The TAP consortium, the governments involved, as well as Croatia’s and Bosnia-Herzegovina’s state pipeline companies Plinacro and BH-Gas, have signed a number of declarations, memoranda-of-understanding (MOU), and agreements of intent during 2007–2012 to promote this overall concept (https://www.energy-community.org/, retrieved July 30, 2013). The TAP project consortium has confirmed the continuity of this intention, albeit in very general terms when announcing the consortium’s restructuring on July 30 (TAP press release, July 30).
All along, this proposal raised more questions than it could answer about those 5 bcm (one half of TAP’s entire proposed annual capacity well after 2020) or about financing a 500-kilometer pipeline in these small and mostly poor countries. The proposal looks still less convincing following TAP’s reorientation toward highly lucrative markets in western and northwestern Europe.
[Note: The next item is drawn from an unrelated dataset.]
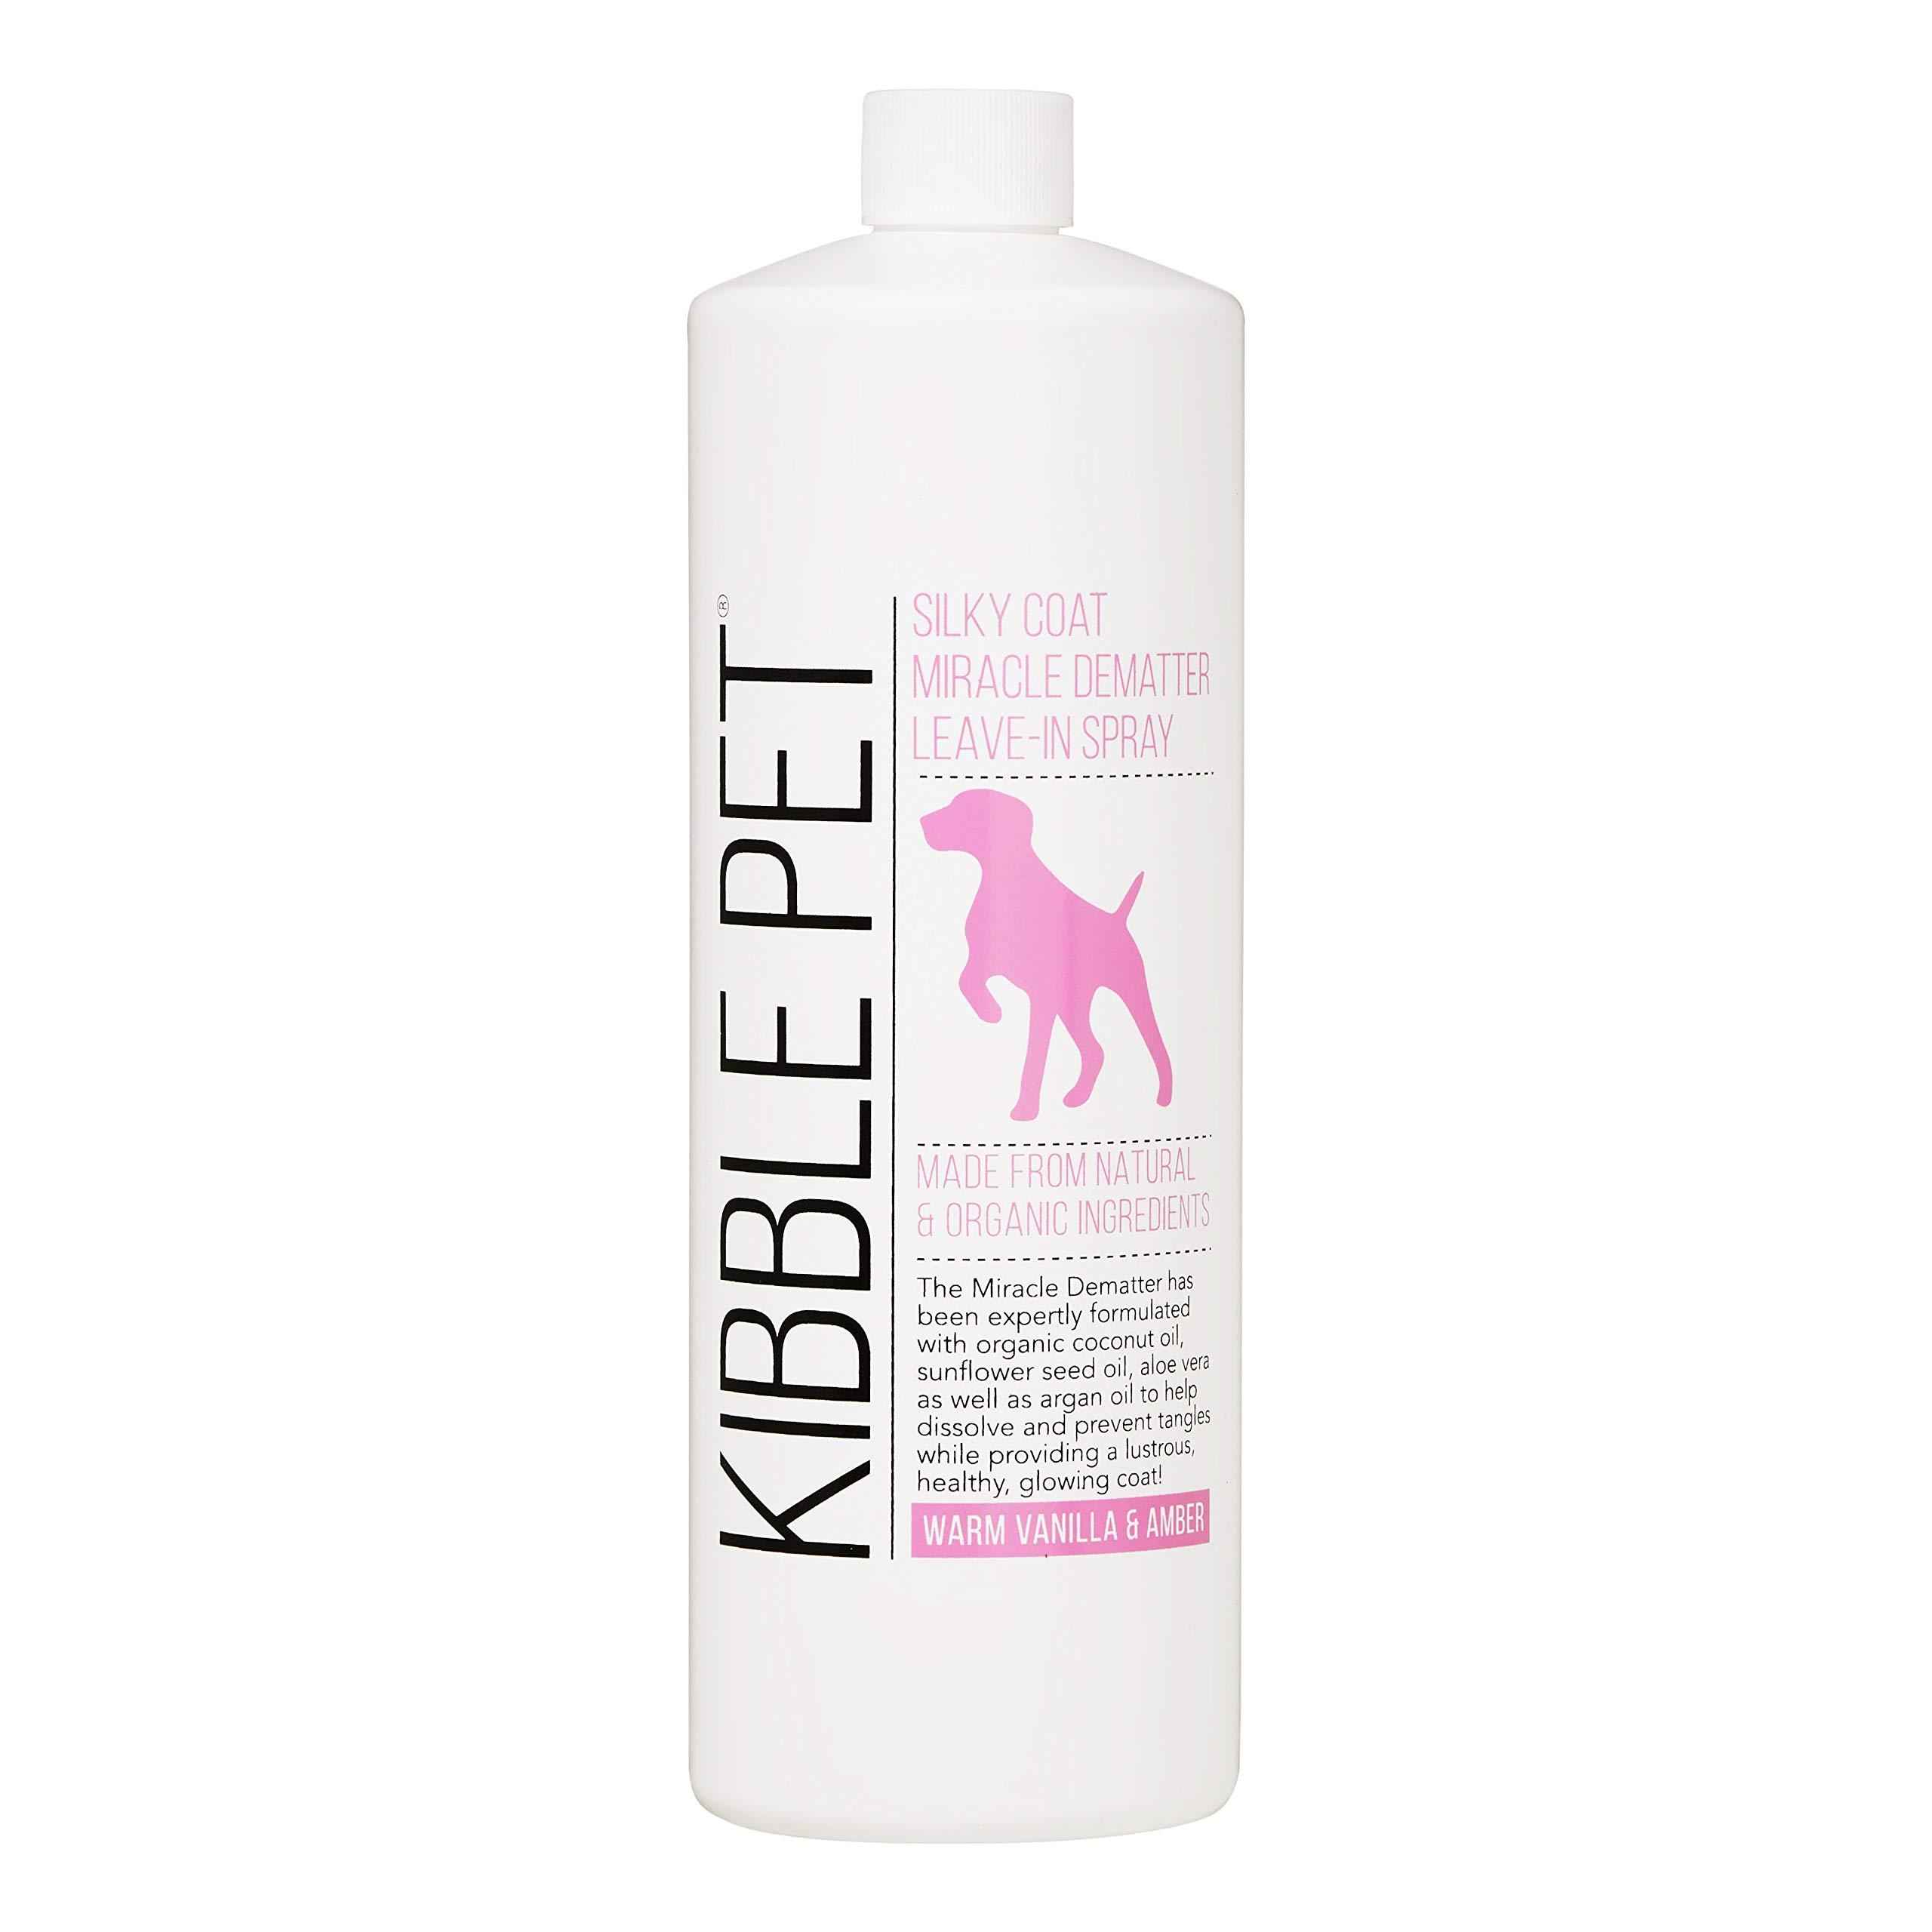 Kibble Pet Miracle Dematter - Warm Vanilla & Amber (1 L) by Kibble Pet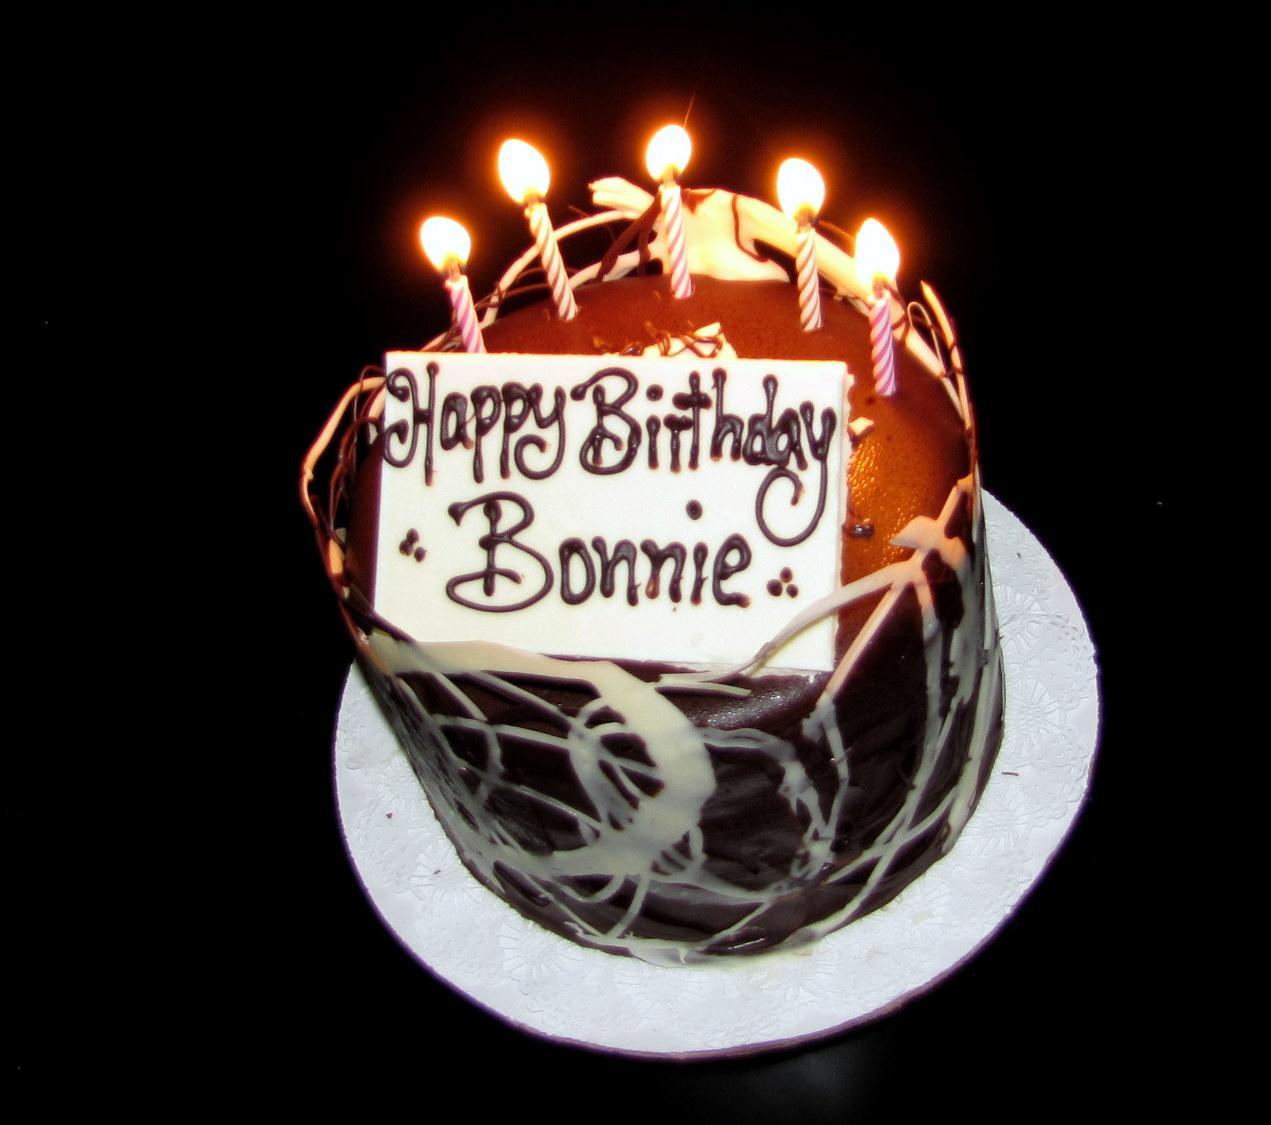 Happy birthday grandma publicscrutiny Image collections

The consortium would be bound to sell as much of its Caspian gas as possible in those European countries. TAP plans to invest in pipeline upgrades along the entire route from southern Italy to the North Sea for its Caspian gas (see EDM, July 31).
Croatia is fully supplied with gas, 60 percent from internal production and 40 percent from imports, mostly from non-Russian sellers. Meanwhile, Albania and Montenegro do not use any natural gas and are not connected to a pipeline grid. Azerbaijan’s State Oil Company (SOCAR) considers the possibility of introducing natural gas usage to Albania, building a gas distribution grid in the country and supplying it with Azerbaijani gas. On July 25, SOCAR president Rovnag Abdullayev met in Tirana with Prime Minister Sali Berisha and Socialist Party leader Edi Rama, winner of the recent parliamentary elections, to discuss that possibility (SOCAR press release, July 25). This seems more realistic in terms of supply volumes and spin-off investment from TAP, compared with the IAP proposal.